Analysis of the matched data has highlighted a number of considerations for the potential future linking of HE-BCI data to that held by the IPO.

Missing data

4.8% of applications were returned with no associated filing date, and 89% of were returned with no publication date. We acknowledge that a patent lifecycle typically takes 18 months from application to publication. Therefore, we anticipate that all  applications submitted to the experiment will have reached a point of publication where successful. Of those missing, seven application numbers matched were indicated to be in force in have potential future force. Therefore, we may assume that there is missing publication date data or that further information is needed to fully understand the patent lifecycle from application to publication.

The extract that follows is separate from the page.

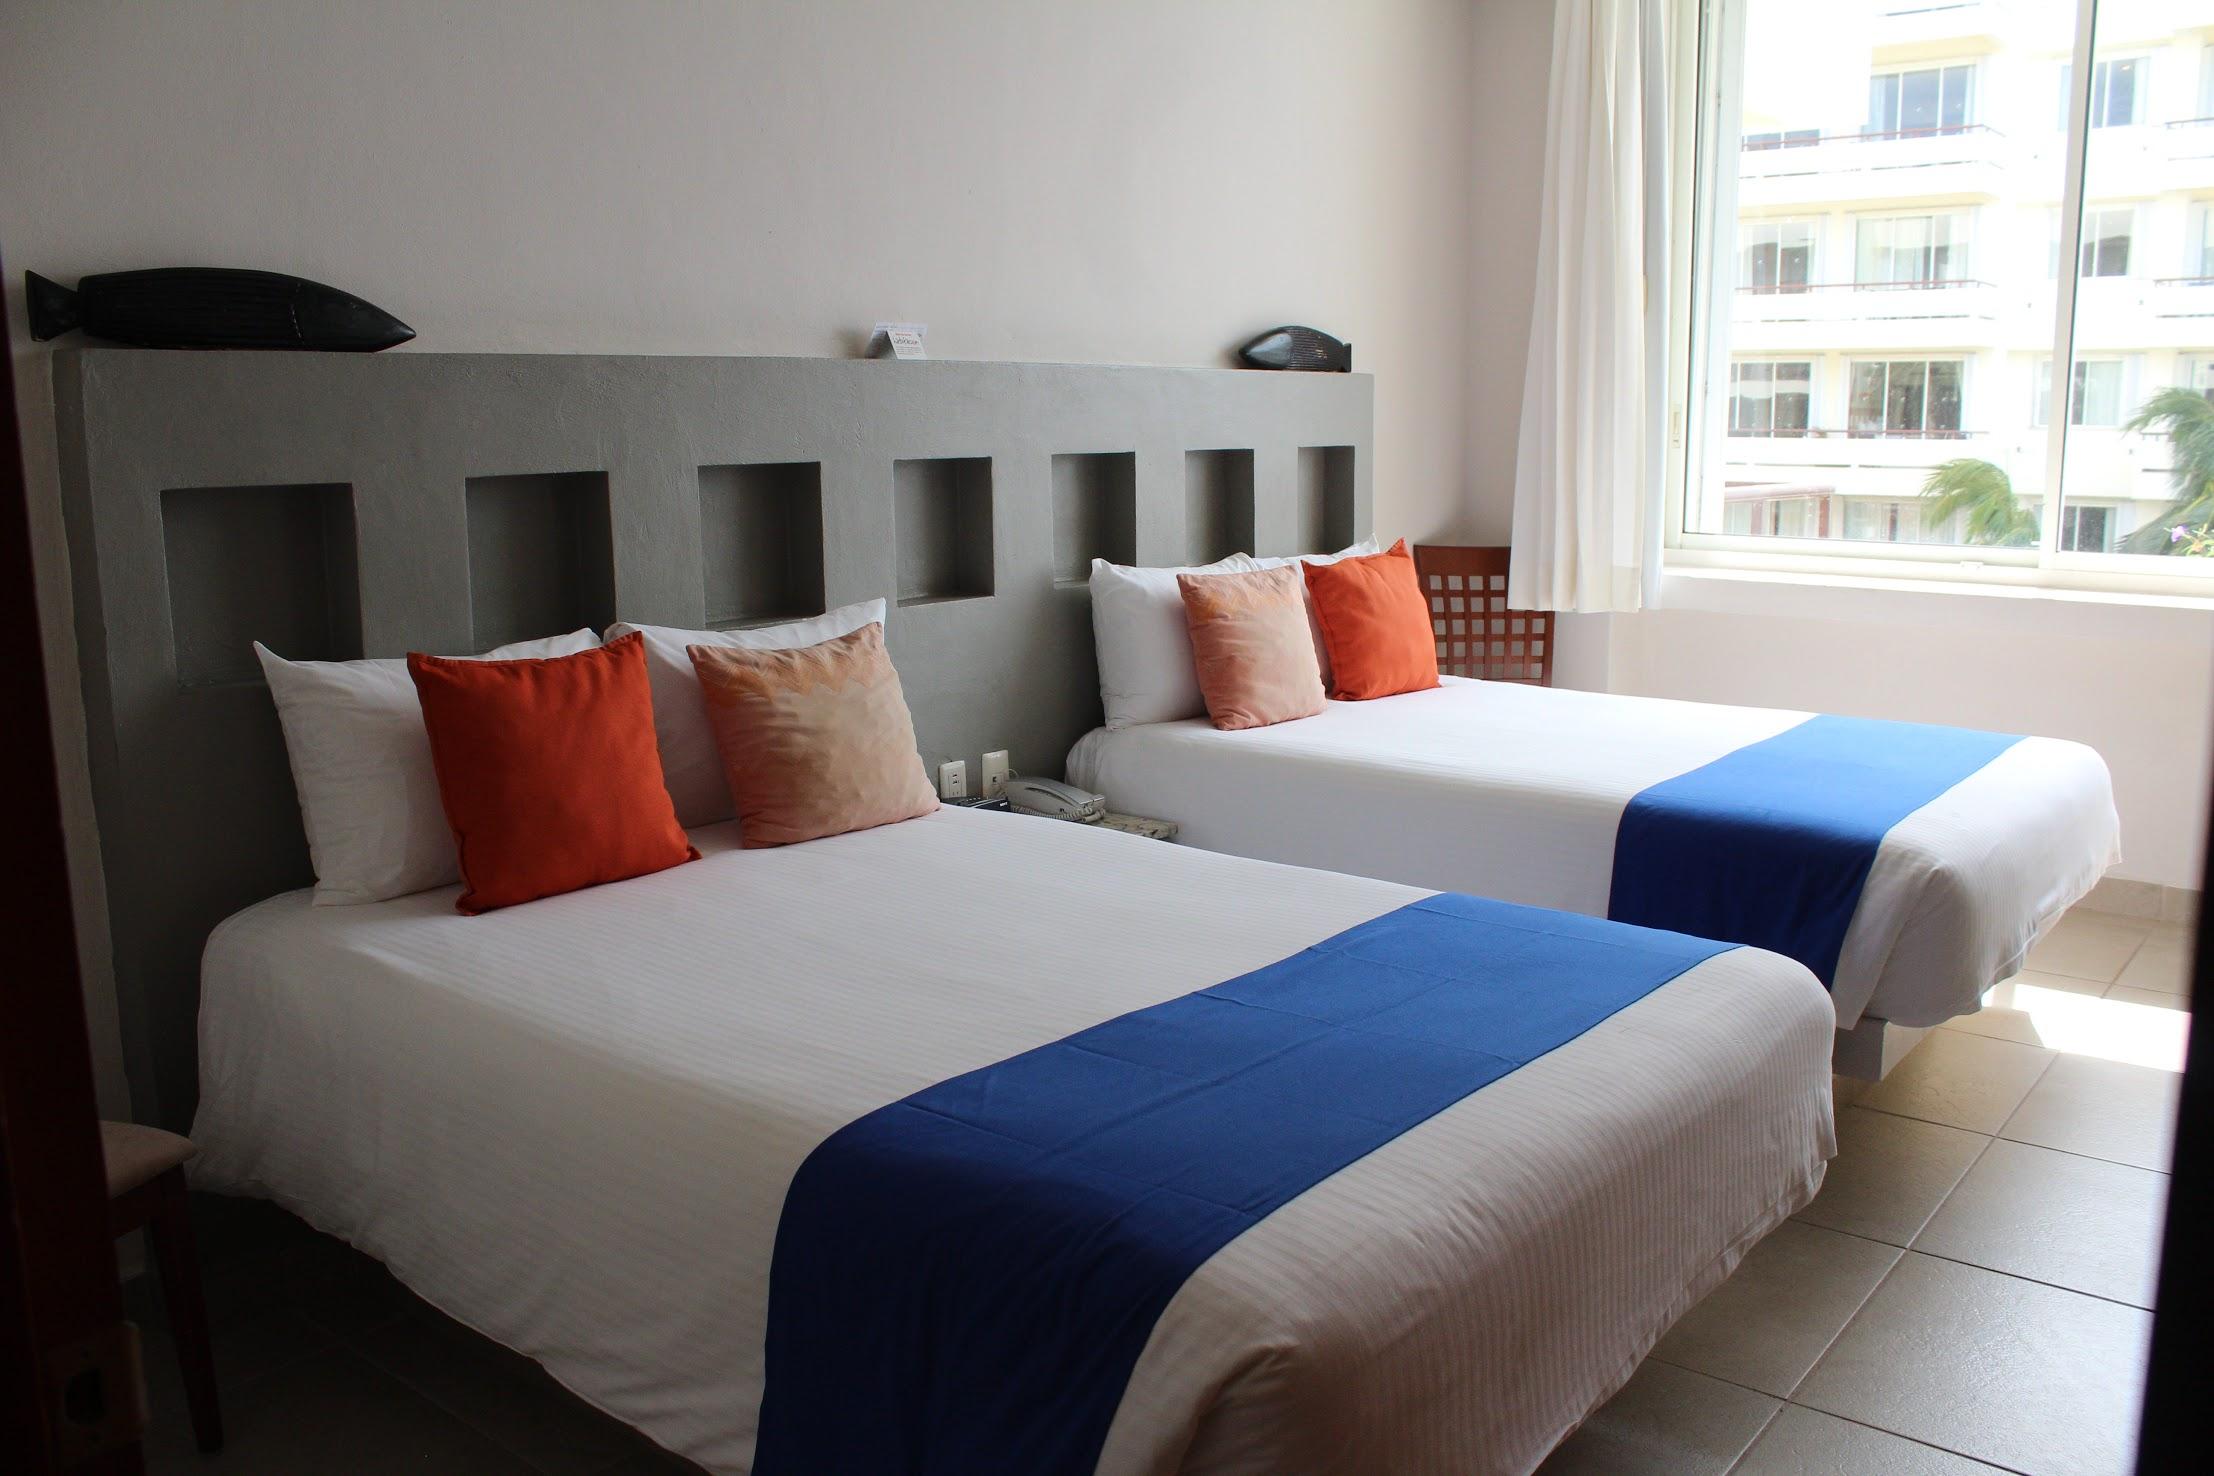 310 guest room.CR2.jpg
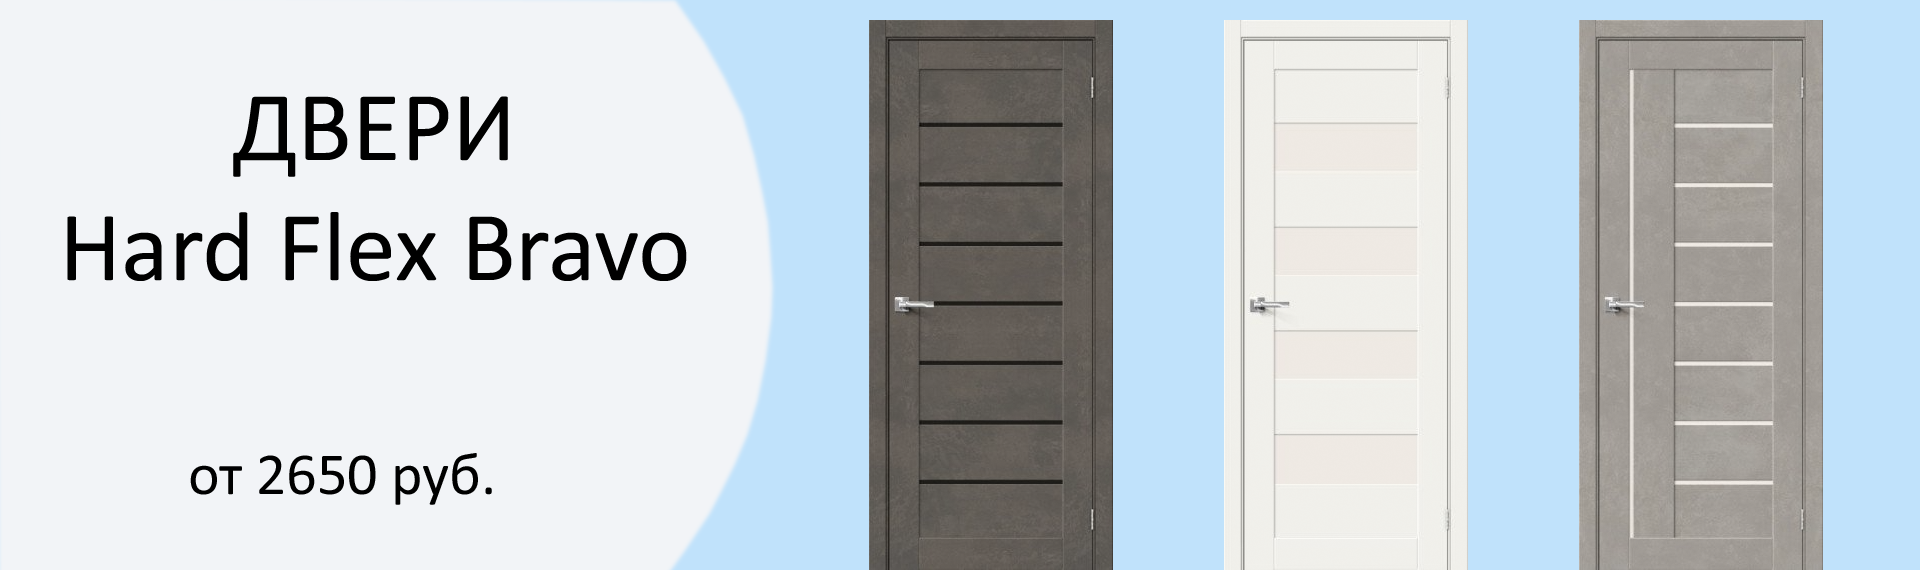 металлические двери коломне

97% of submitted application numbers were matched without a grant date, of which 9.5% were indicated as being either in force or having potential future force. We acknowledge that there is no specified lifecycle for the process of granting successful applications. Therefore, we may consider the need for a longer lead time to produce useful outputs relating to grant dates.

Discrepancies in data

From the sample submitted by three providers, accounting for alternative spellings of IPO Owner names identified 42 distinct intellectual property (IP) owners. Institutions were named differently across applications and abbreviations were sometimes used (i.e. Ltd/ Limited). Therefore, using this data would require HESA to perform a data cleaning exercise to identify inconsistencies in applications submitted by a single institution. 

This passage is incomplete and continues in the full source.